A Biblioteca Contr’Ignorância vai ser o palco da realização da quarta edição formativa do projecto artístico intitulado “Oficinas às Quartas”. Desta vez, o destaque recai sobre o tema “Jornalismo Cultural”, a ser realizado hoje, 28, com o objectivo de promover um espaço de aprendizagem, reflexão acerca da escrita cultural e do exercício crítico sobre a produção artística nacional
Para a quarta edição, a organização convidou o jornalista e escritor angolano Israel Campos como formador, para transmitir aos formandos noções básicas a ter em conta na elaboração de uma matéria cultural, uma vez que se destaca na elaboração de textos jornalísticos e literários.
Durante a oficina, os formandos vão ter oportunidades de apreender noções básicas relacionadas ao jornalismo aplicado às artes e à cultura, com a finalidade de fortalecer o diálogo e a troca de experiências entre os participantes.
Segundo Dilson Maria, coordenador do projecto “Oficinas às Quartas”, para além do fortalecimento crítico, o objectivo central da actividade é promover a formação contínua, incentivar a escrita crítica, bem como ampliar o olhar dos participantes sobre o universo cultural e os modos de o comunicar.
“Nesta edição pretende-se criar um espaço acessível de aprendizagem, onde estudantes, principiantes, agentes culturais e demais interessados possam adquirir ferramentas essenciais para escrever sobre cultura de forma estruturada, contextualizada e consciente.
A participação não exige experiência prévia e está aberta a todos que desejem aprofundar conhecimentos na área”, reforçou o responsável. O responsável informou que, para a primeira edição do ano, a instituição vai acolher um total de 15 participantes, que realizaram a inscrição de forma gratuita ao longo da última semana.
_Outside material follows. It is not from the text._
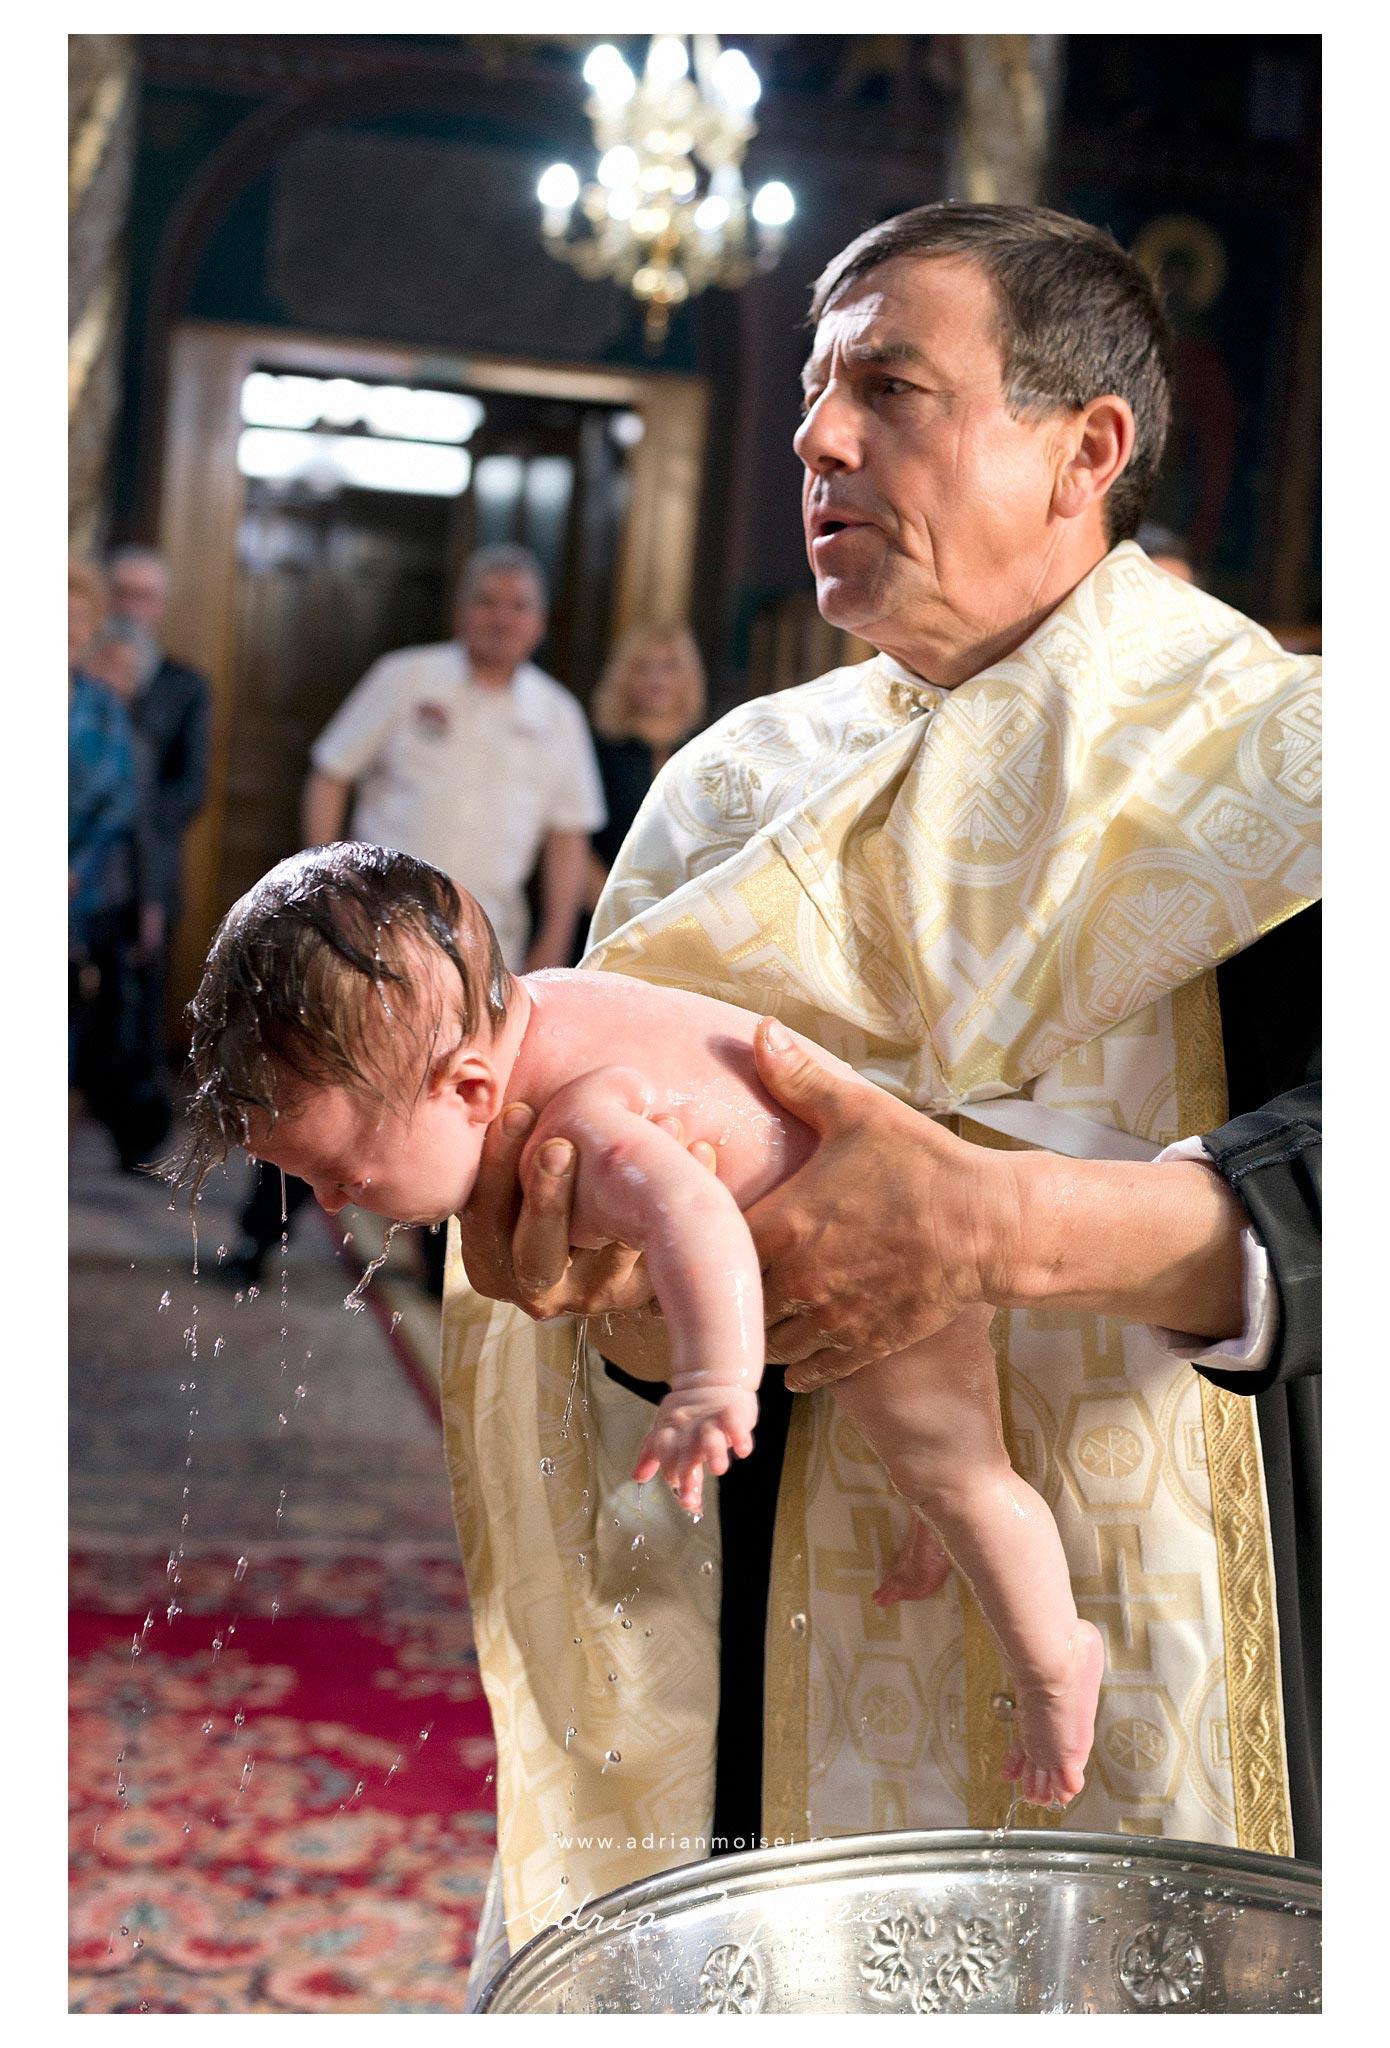 Fotografie de botez, bebelus in bratele preotului care il scoate din cristelnita, Adrian Moisei

Segundo explicou, trata-se maioritariamente de jovens e adultos que demonstraram interesse em integrar a formação e aprofundar conhecimentos na área do jornalismo cultural. Dilson Maria reforçou que o número de inscritos confirma a receptividade do público e revela uma crescente procura por actividades formativas que estimulem a escrita, e o debate sobre cultura.
“Só um detalhe: para a oficina com o Israel as inscrições já foram encerradas porque atingimos o número limite, pois se tratava de 15 vagas disponíveis”, explicou, acrescentando que esta adesão mostra que há um público atento, e disposto a investir na construção de um olhar mais comprometido com a produção da cultura nacional.
Todavia, apesar de outros projectos de formação cultural estarem a ganhar expressão no país, o responsável esclareceu que as “Oficinas às Quartas” não têm como propósito a sua expansão para outras províncias nem a sua transferência para outros espaços culturais.
A iniciativa, segundo a organização, vai se manter fiel ao seu formato e ao seu local de origem, de forma a respeitar os princípios que norteiam o projecto, bem como a sua continuidade com regularidade.